The Seminole County jury in the town of Sanford, Fla., rejected the second-degree murder charge that Zimmerman acted with ill will, spite or hatred.
Ben Jealous, the NAACP’s president, said he cried when he heard of the Zimmerman verdict Saturday night in the Orlando hotel suite where he was meeting with his board and staff. He put his one-year-old son to bed and rushed to comfort the thousand black youth attending the convention this week.
At a nearby hotel, the high school and college delegates, the future of the 104-year-old civil rights organization, reacted viscerally. Jealous found some tears, some anger and some hard to read faces. Grief counselors were enlisted to help.
Jealous had intended for his keynote speech to address the body blow delivered on June 25 by the U.S. Supreme Court in repealing provisions of the Civil Rights Act of 1965 which required federal preclearance of changes of voting practices in jurisdictions with a history of voting discrimination.
Instead, the speech he delivered reflected the second blow delivered by the jury.
“These are not only times of great possibility, they are also times of great peril. We hear it in the Supreme Court’s decision in Shelby County v. Holder. We see it in the verdict handed down in Sanford two nights ago. And we feel it every time we watch one of our young sons—or nephews—walk out the front door and pull up his hoodie over his head,” Jealous said.

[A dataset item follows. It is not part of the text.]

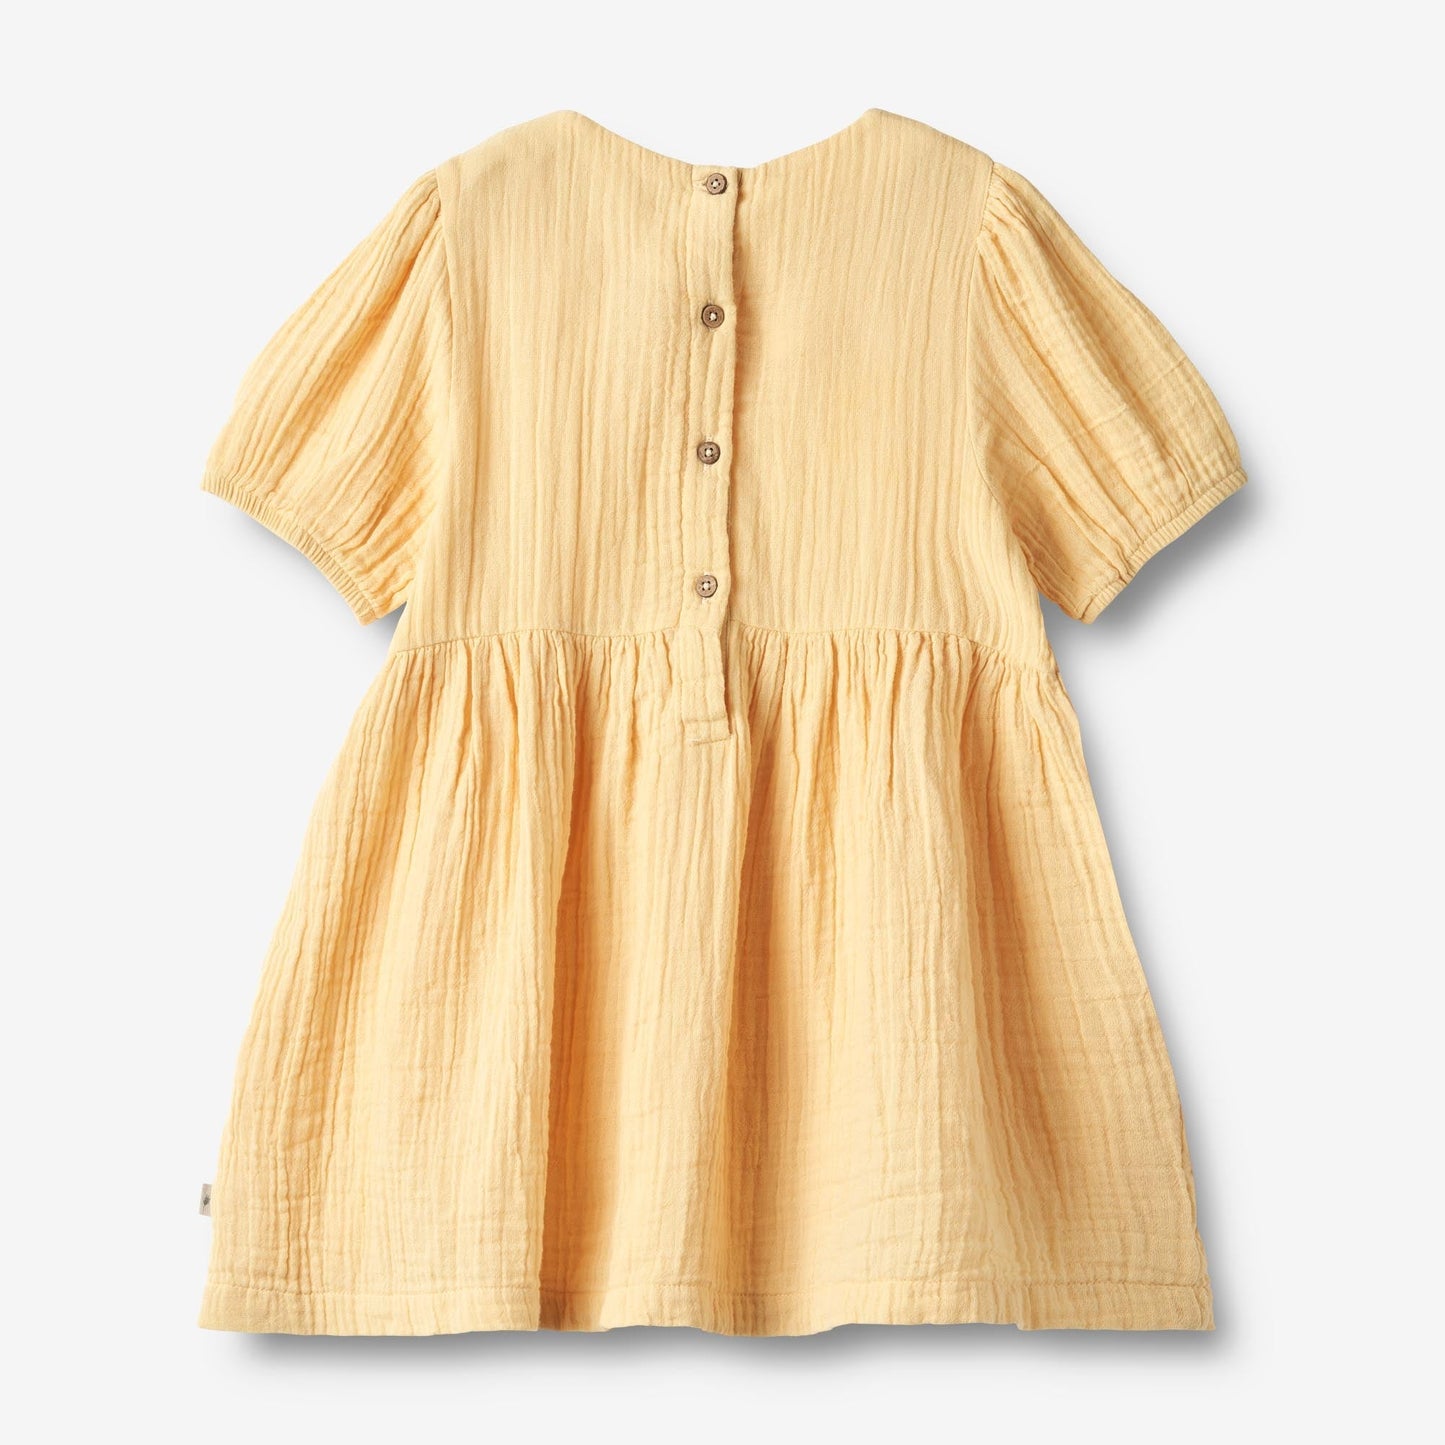 Wheat 'Imelda' S/S Children's Dress - Pale Apricot

Jealous also highlighted efforts to ban New York’s controversial “stop-and-frisk” policy used by police to stop people suspected of unlawful activity and frisking those suspected of carrying weapons.
Critics of the policy say it targets minorities and violates their Fourth Amendment rights for protection against unreasonable searches and seizures.
Dredging Up a Bad Past
Lenwood Graham, 18, a high school senior from Laurinburg, N.C., said youth leaders at the convention talked to them about “how we should not let our anger or emotions cloud our judgment and make wrong decisions.”
“I just want to change laws,” he said.
Christian Minter, 15, a high school sophomore from Chatham, Pa., said she now understands her mother’s unyielding belief that the world would always be divided along racial lines.
“I thought it wouldn’t. It (the verdict) told me it would always be like that,” Minter said.
Tony Henderson, 52, an engineer from Seattle worked with youth participating in the convention’s annual arts and science competition which in years past has drawn the likes of successful rappers and music producers such as Kanye West and Lauryn Hill.
“The kids thought it isn’t like it used to be. This told them it is what it used to be,” Henderson said.
The youth delegates rolled out a campaign against violence against black youth with the slogan “A child was shot today,” modeled on signs hoisted in another era at NAACP offices that read “A man was lynched yesterday.”